### PROBLEM TO SOLVE
Could the data below be printed out exactly, with the pictures left out?

### SOURCE DATA

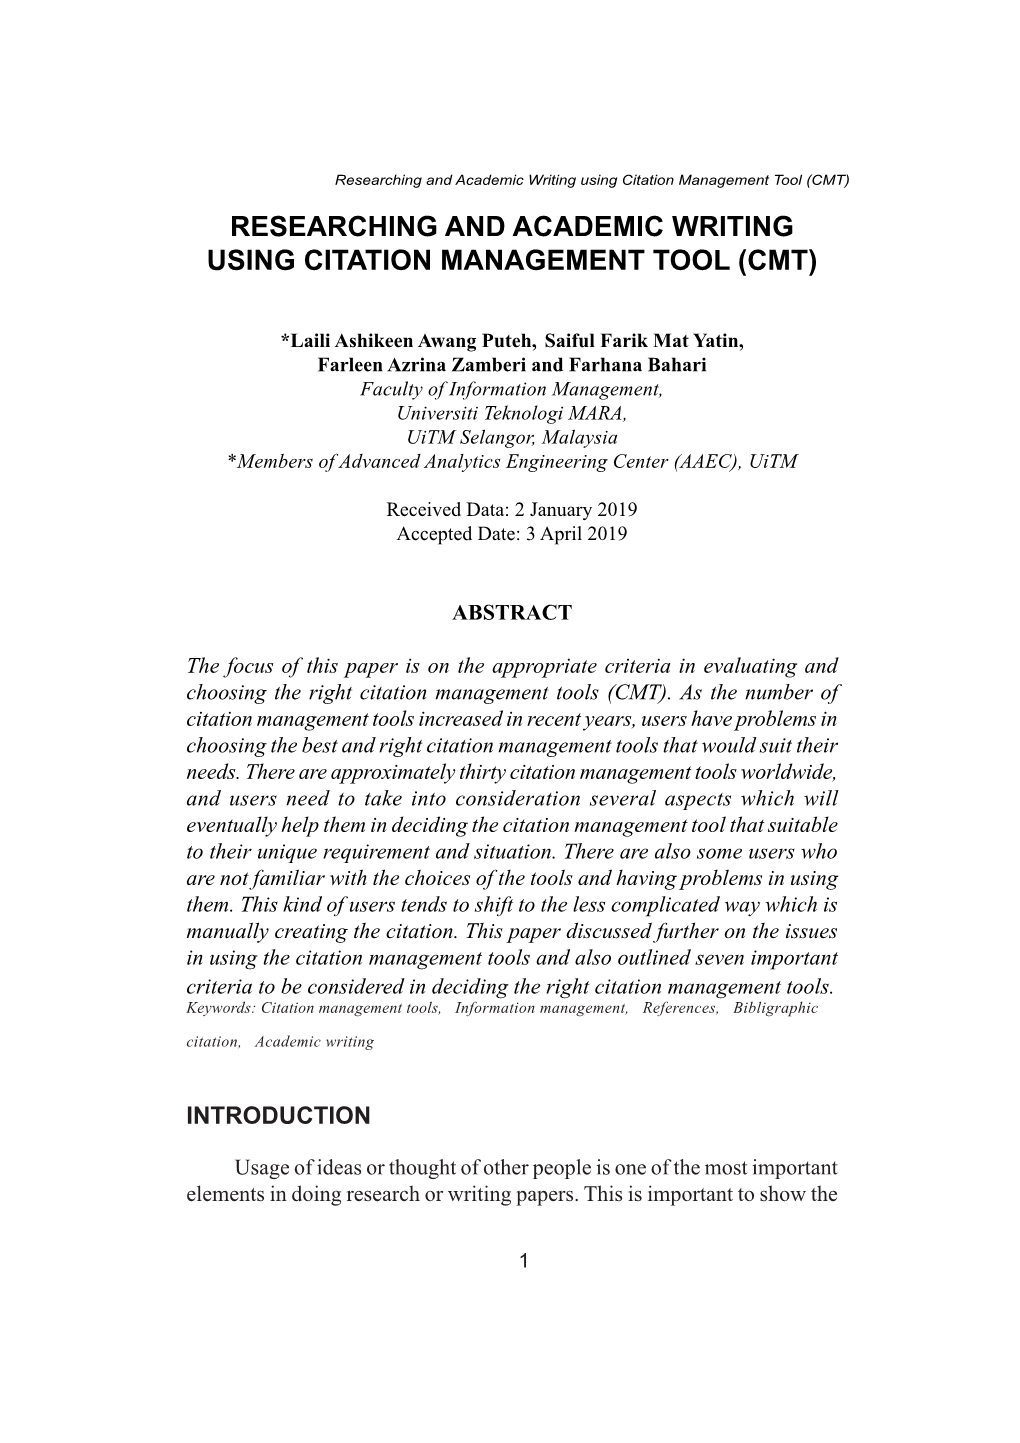 Researching and Academic Writing Using Citation Management Tool (CMT) RESEARCHING and ACADEMIC WRITING USING CITATION MANAGEMENT TOOL (CMT)
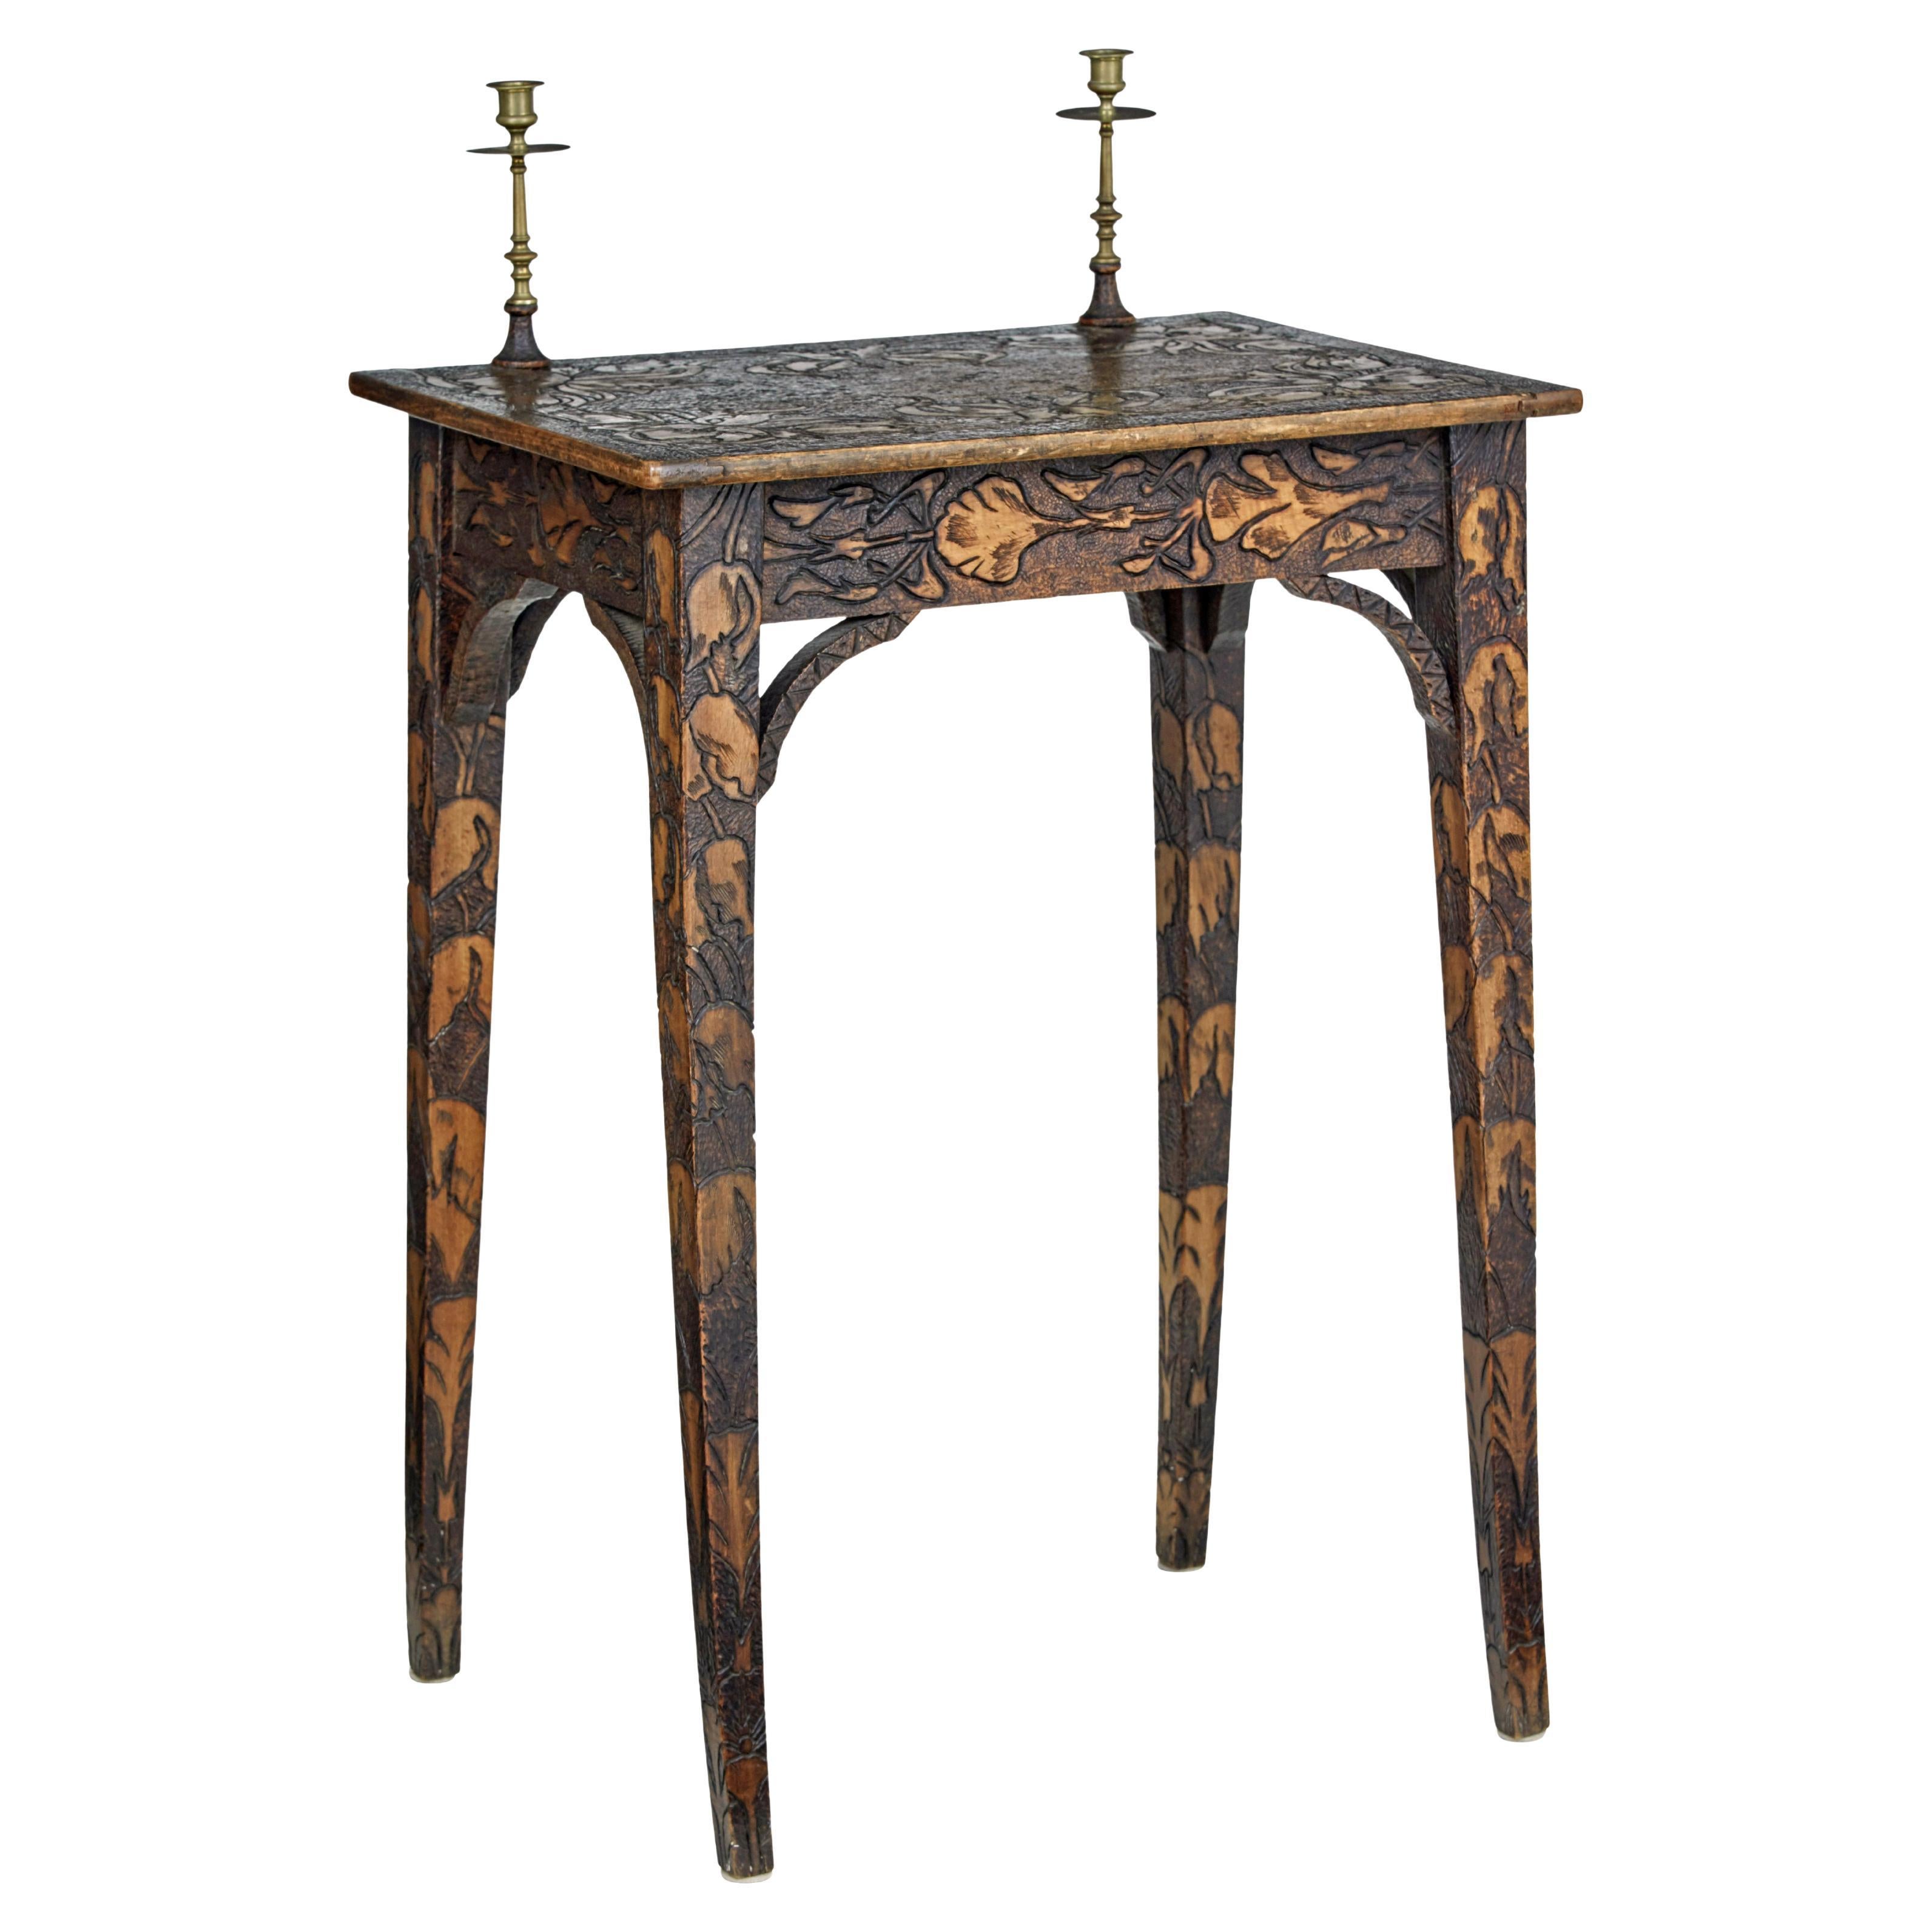 Early 20th century French carved poker work writing table
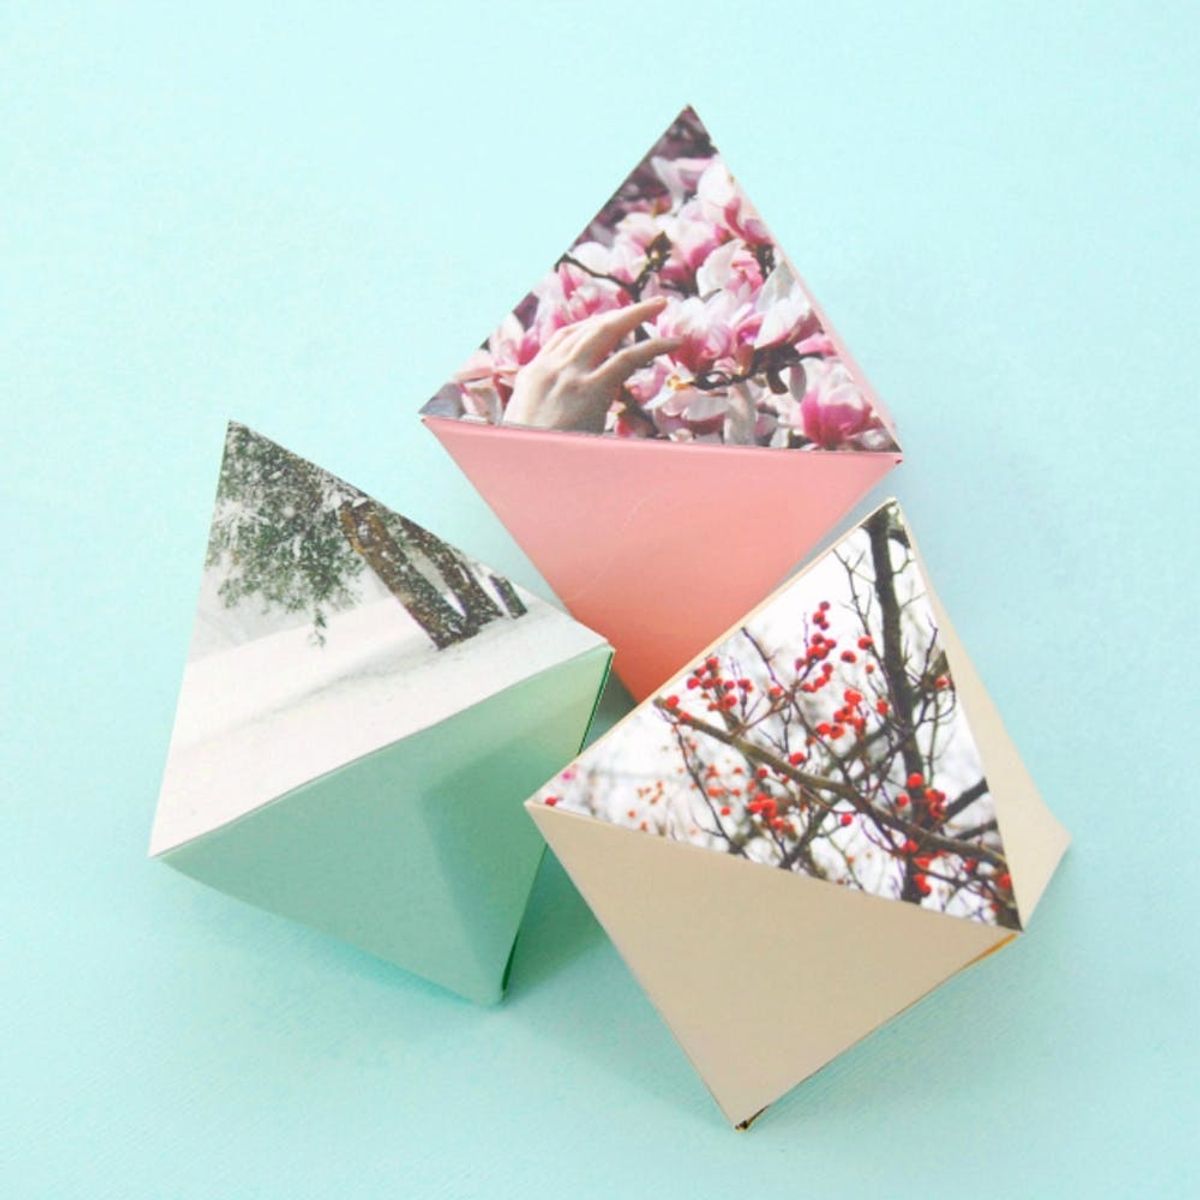 How to Make Geo Ornaments With Your Favorite Photos

### FINISHED EXERCISE
 Researching and Academic Writing Using Citation Management Tool (CMT) RESEARCHING and ACADEMIC WRITING USING CITATION MANAGEMENT TOOL (CMT)
 Early 20th century French carved poker work writing table
 How to Make Geo Ornaments With Your Favorite Photos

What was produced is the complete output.